6 weeks ago we built a PC with rtx4090 card.
We have randomly found that nvidia-smi returns:
NVIDIA-SMI has failed because it couldn't communicate with the NVIDIA driver. Make sure that the latest NVIDIA driver is installed and running.
Shutting down doesn’t resolve it. Reinstalling drivers seems to be what gets the card back for us.
We use nvidia NGC TF container per official instructions in docker to run our model training.
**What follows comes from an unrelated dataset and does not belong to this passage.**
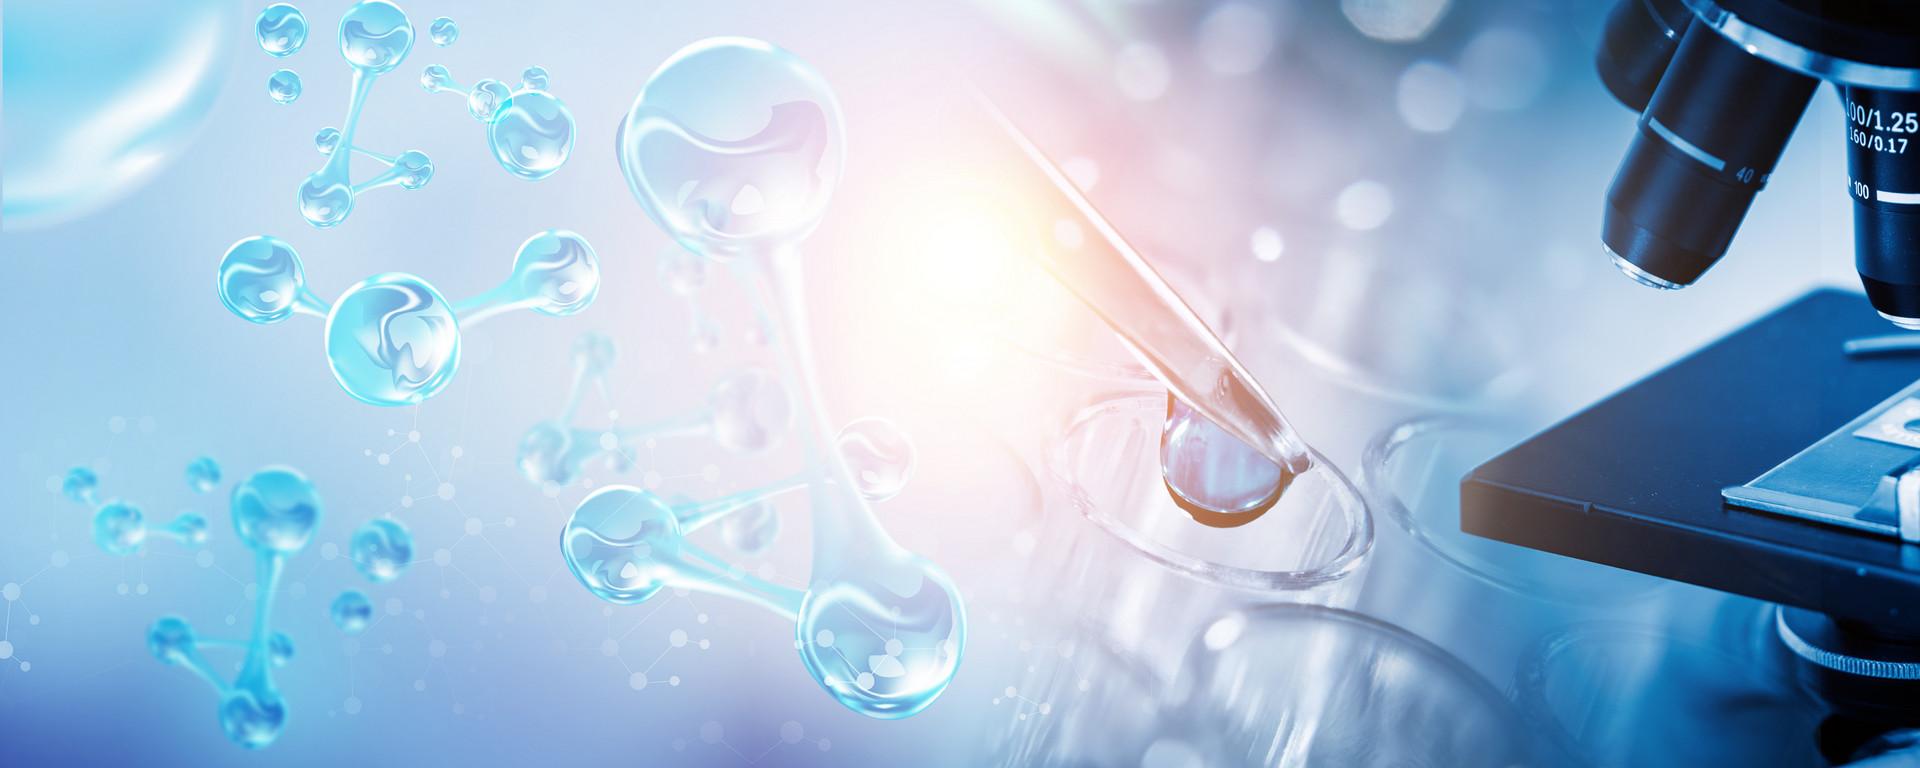 酵素能提升人体的恢复力及自愈能力?

I think we can say it’s a pretty simple setup that way.
So: nvidia drivers, docker, NGC container, run our code.
We tried both apt install nvidia driver and NVIDIA-Linux-x86_64-525.105.17.run
driver.
We used: docker pull nvcr.io/nvidia/tensorflow:23.03-tf1-py3 and a previous container version as well.
Attached is the debug log.
nvidia-bug-report.log.gz (163.0 KB)
Can someone advise how we can address or begin to better define this issue?
PC:
ASUS TUF Gaming GeForce RTX 4090 OC Edition (PCIe 4.0, 24GB)
GIGABYTE Z690 AORUS ELITE AX DDR4 LGA 1700 Intel Z690 ATX Motherboard with DDR4
Intel Core i7-12700K Desktop Processor 12 (8P+4E)
Seasonic VERTEX GX-1200, 1200W 80+ Gold, ATX 3.0/ PCIe 5.0 Compliant
Kingston FURY Beast 64GB DDR4 3600MHz
WD Black SNESOX 2TB PCIe Gen4 NVMe